- [TASK OBJECTIVE]: Pictures aside, repeat the listing below exactly.

- [SUPPLIED MATERIAL]:
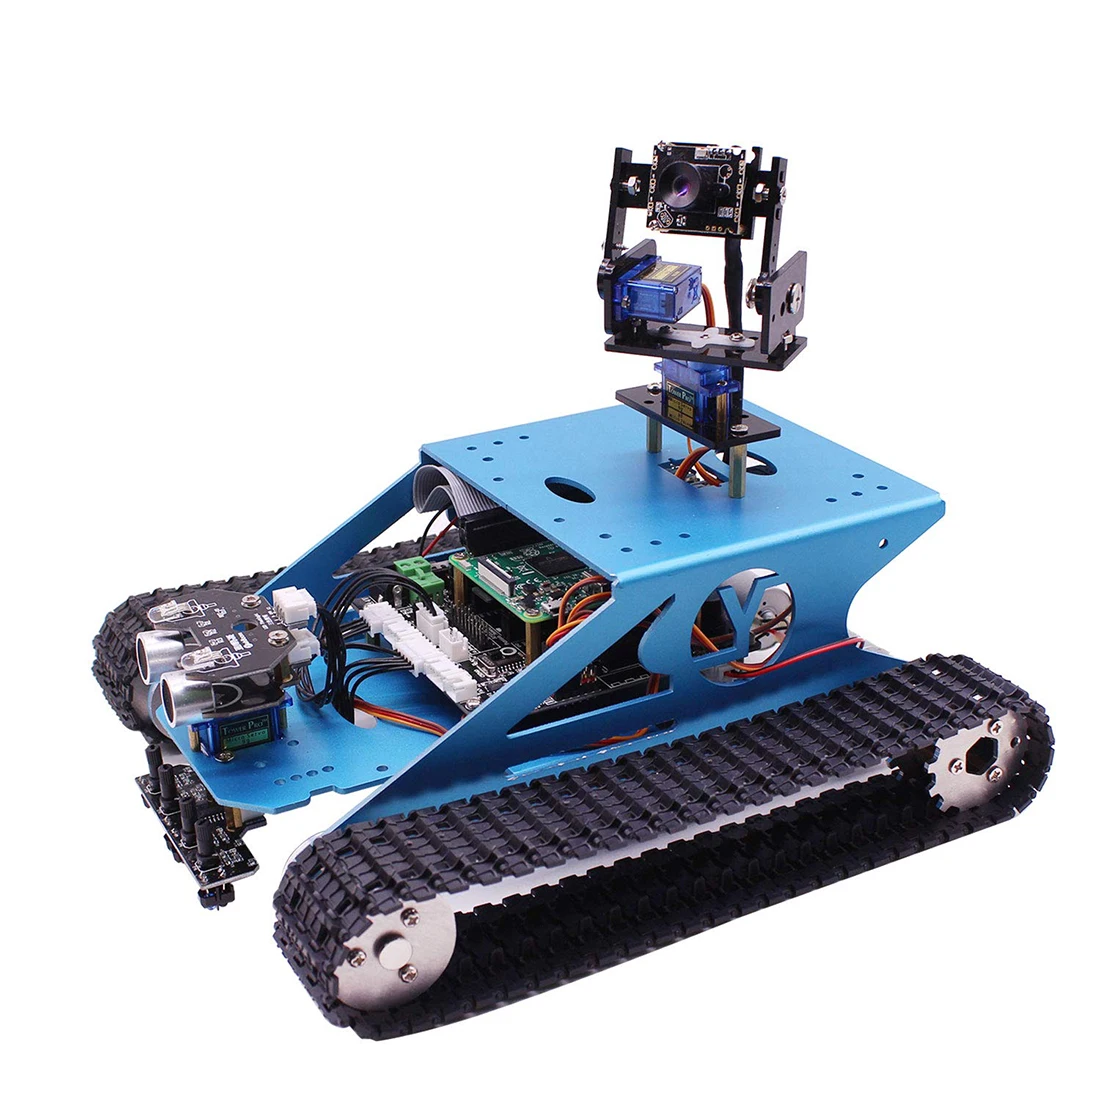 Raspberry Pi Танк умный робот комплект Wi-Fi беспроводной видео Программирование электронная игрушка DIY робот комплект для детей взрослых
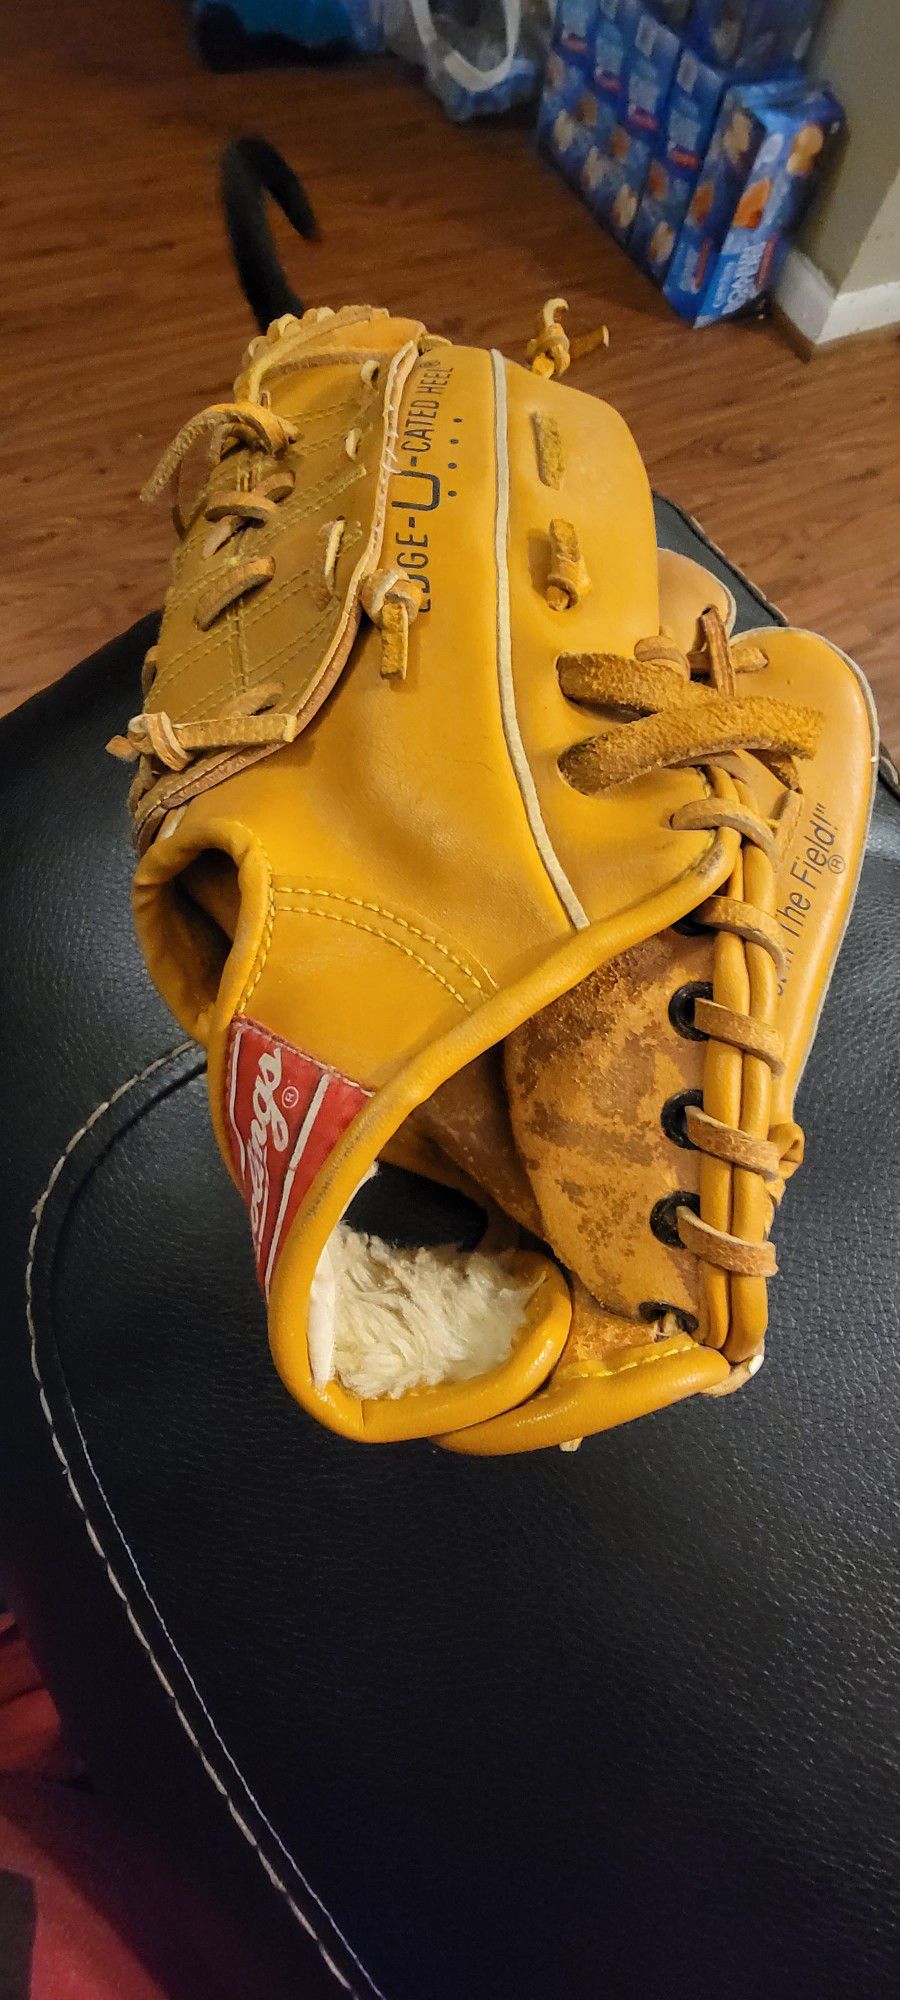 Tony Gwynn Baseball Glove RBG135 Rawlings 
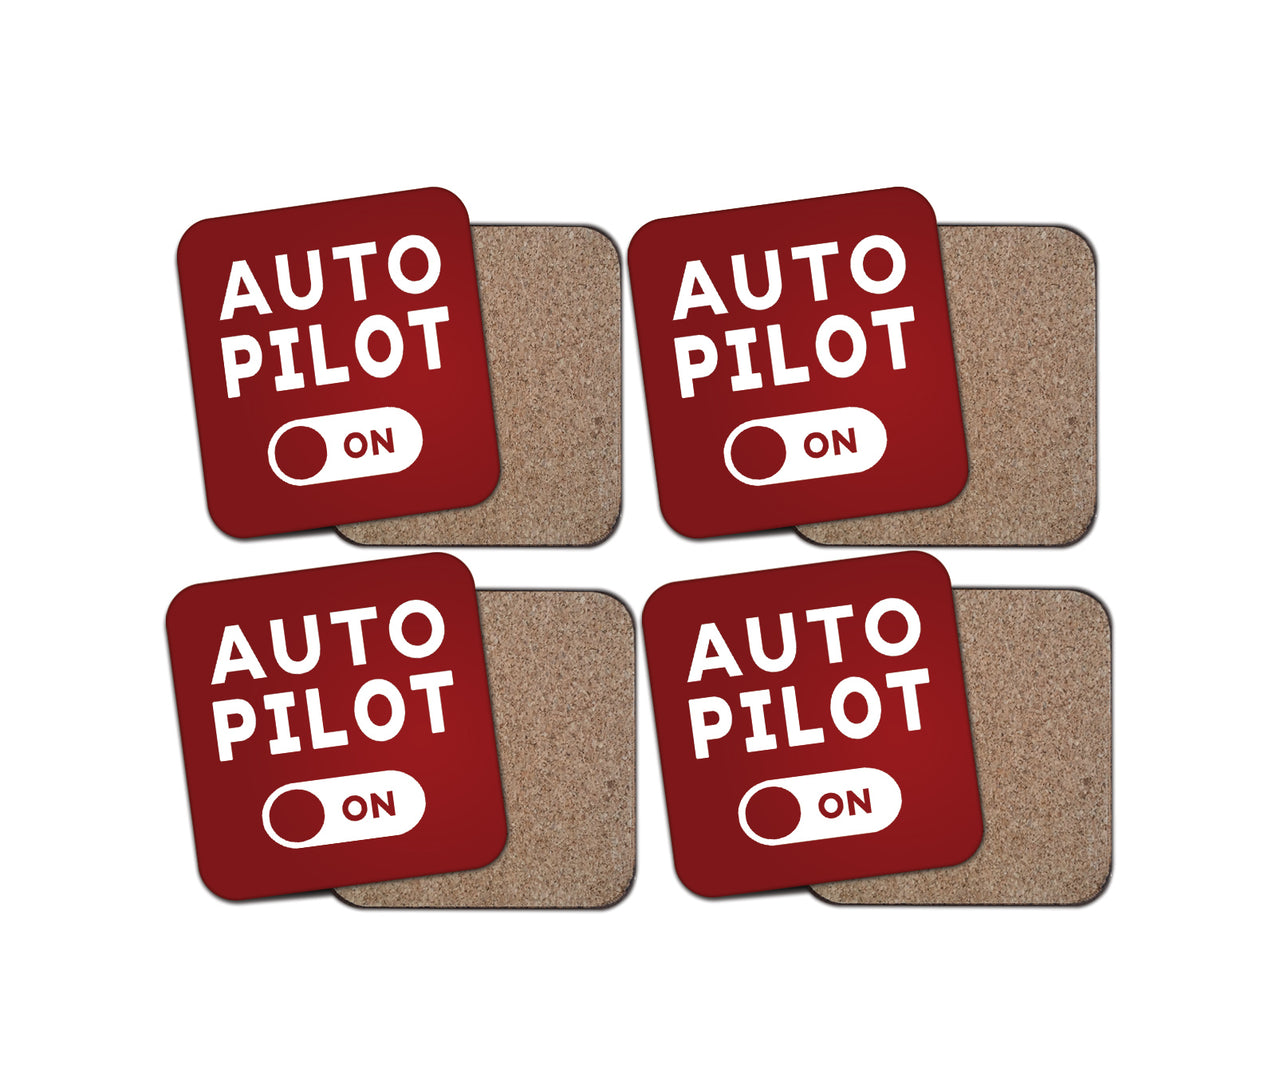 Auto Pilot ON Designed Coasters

- [REPLY TO THE TASK]:
 Raspberry Pi Танк умный робот комплект Wi-Fi беспроводной видео Программирование электронная игрушка DIY робот комплект для детей взрослых
 Tony Gwynn Baseball Glove RBG135 Rawlings 
 Auto Pilot ON Designed Coasters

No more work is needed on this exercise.